Desde 2023, o Sudão está envolto em uma
sangrenta guerra civil, fruto da disputa de poder entre as Forças Armadas Sudanesas (SAF) e o grupo paramilitar Forças de Apoio Rápido (RSF). Em 2019, ambos tiveram papel ativo na
derrubada do governo de Omar al-Bashir, após 30 anos no poder.
Após a destituição, um arranjo de partilha de poder foi criado entre o Exército e lideranças civis, mas em 2021 o pacto se fragmentou após Abdel Fattah al-Burhan, líder das SAF, e Mohamed Hamdan Dagalo, da RSF, assumirem o controle do país de forma conjunta. Dois anos depois, a aliança foi rompida, desencadeando a disputa pelo poder.
O cenário é agravado pelo fato de o Sudão ter perdido sua principal fonte de financiamento. Em 2011, quando ocorreu a fragmentação do país em duas partes, Sudão e Sudão do Sul, a parte meridional ficou com três quartos das reservas de petróleo que o país detinha.
Leonardo Paz Neves, pesquisador do Núcleo de Inteligência Internacional da FGV, explica ao
Mundioka, podcast da
Sputnik Brasil, que a disputa interna no Suão é agravada por influências externas que até hoje lucram com o conflito. É o caso dos Emirados Árabes Unidos ao apoiar as Forças de Apoio Rápido, que controlam boa parte do país, incluindo áreas onde estão minas de ouro, principal riqueza do país.
A riqueza em recursos naturais do Sudão, no entanto, não se traduz em desenvolvimento. Neves destaca que a população do país "vive numa situação de pobreza muito forte", com problemas graves no acesso à educação, saneamento básico, saúde, entre outras áreas.
"O Sudão é um caso que não é nenhuma surpresa. Você tem diversos países do mundo [...] que, de fato, têm uma riqueza natural bastante importante, mas que ela é capturada, obviamente, por uma pequena elite."
Para Neves, gerada pela violência,
a migração em países vizinhos é o principal impacto do conflito no Sudão. Além disso, grupos extremistas que atuam na região acabam apoiando um dos lados do conflito e usam a porosidade das fronteiras para fugir ou
promover ataques em outros países.A crise humanitária gerada pelo conflito no Sudão se agrava sistematicamente a cada ano, como ponta ao programa Patrícia Teixeira dos Santos, professora titular de história da África da Universidade Federal de São Paulo (Unifesp) e autora do livro "Fé, Guerra e Escravidão: uma história da conquista colonial do Sudão", publicado em coedição da Unifesp com a Universidade de Pernambuco (UPE).

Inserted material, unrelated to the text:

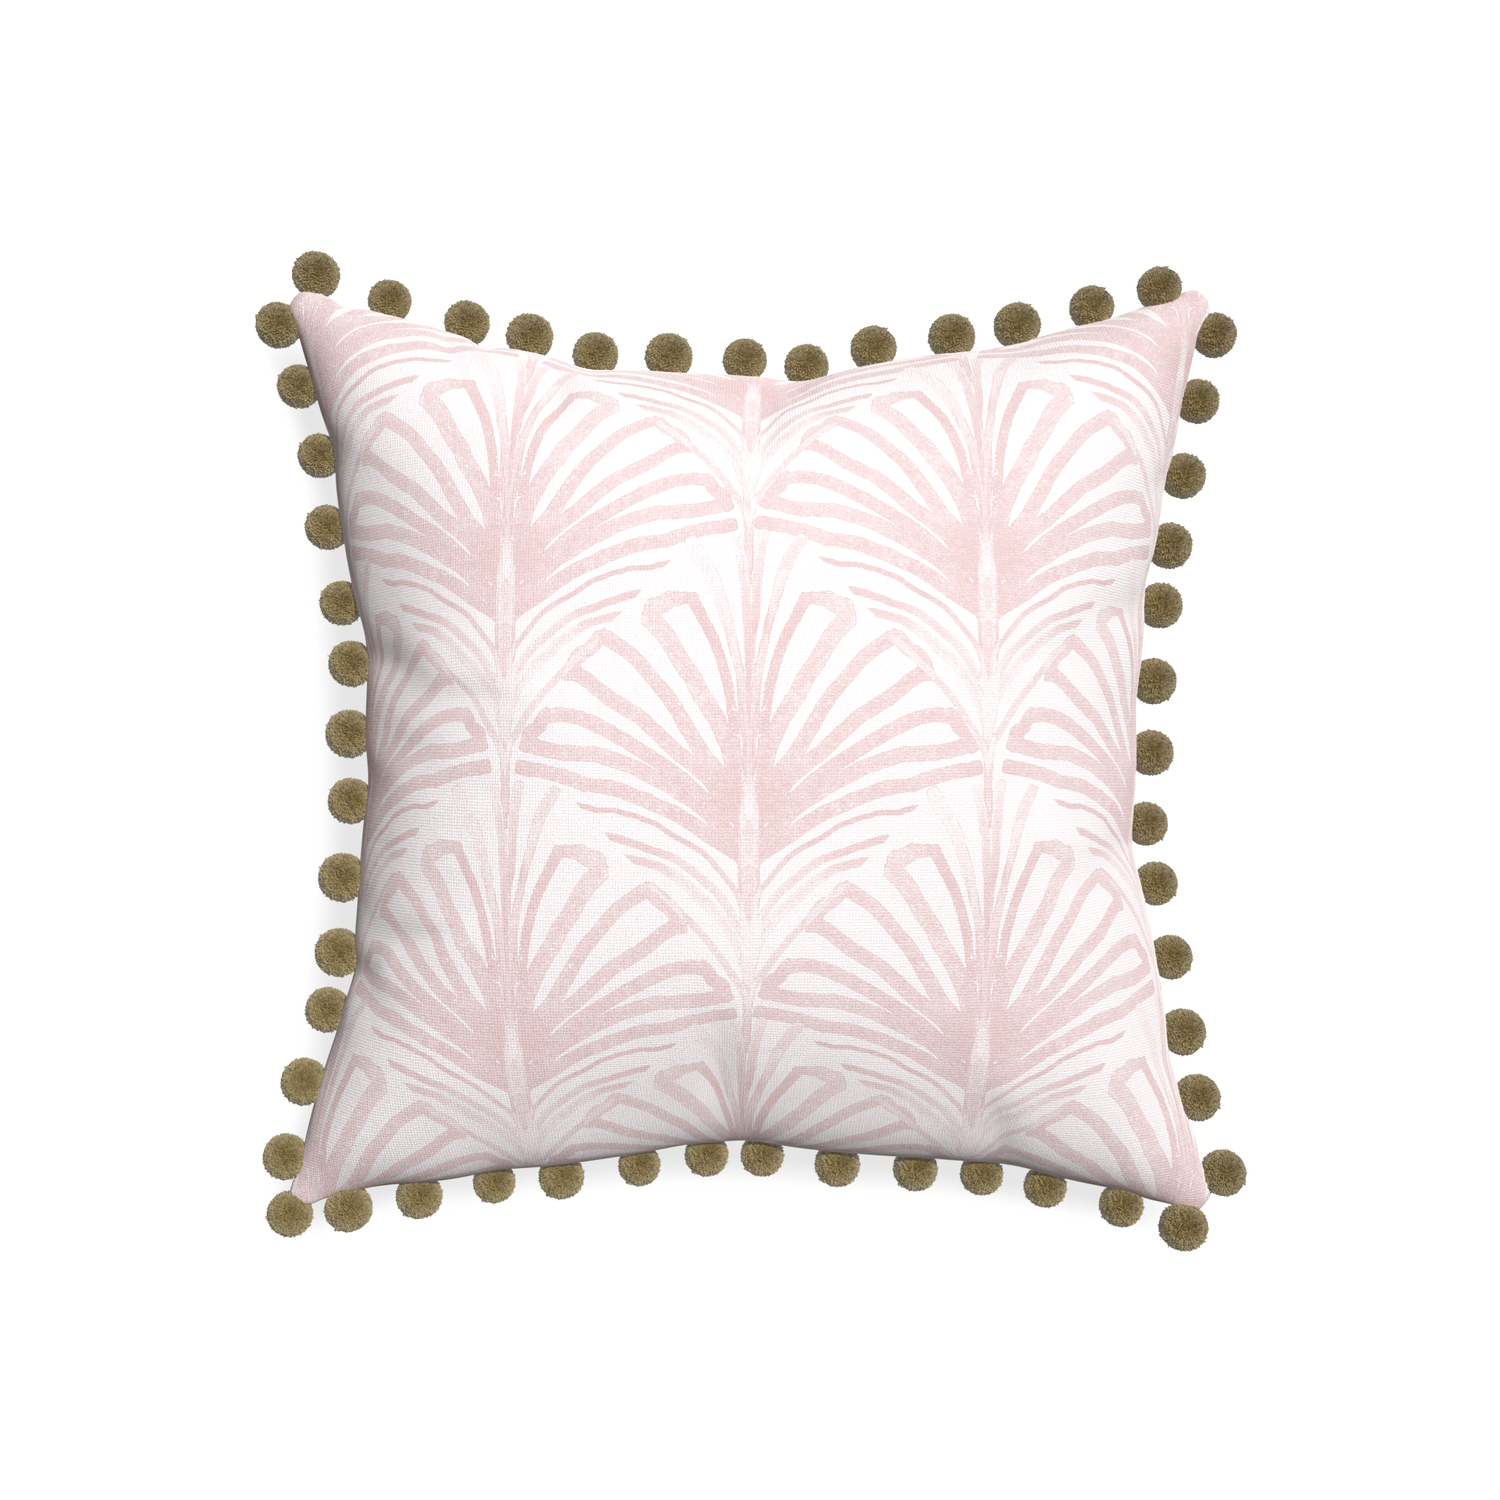 20-square suzy rose custom pillow with olive pom pom on white background

Essa crise humanitária, que já soma 14 milhões de deslocados e 12 mil mortos em um país de 50 milhões de pessoas, só ganhou notoriedade porque a Arábia Saudita está chamando a atenção das potências, em grande parte por ações da Arábia Saudita, que está "preocupadíssima" com os efeitos que o conflito tem em sua ligação com o norte da África e com a África Oriental.
Somado com a Faixa de Gaza, as duas guerras influenciam o equilíbrio estratégico no mar Vermelho, avalia a pesquisadora.
Por conta disso, Riad chama atenção do globo para o conflito, em especial de seu principal aliado, os Estados Unidos. Nesse ponto, o príncipe herdeiro saudita, Mohammad bin Salman, demonstra uma grande desconfiança com as atitudes do presidente dos Emirados Árabes Unidos (EAU), Mohamed bin Zayed, que hoje surge como um mediador no conflito.
Conforme explicita Santos, Zayed, assim como a maior parte das nações ocidentais que hoje chamam atenção para a crise no Sudão, lucravam, direta ou indiretamente, com a desorganização política do país.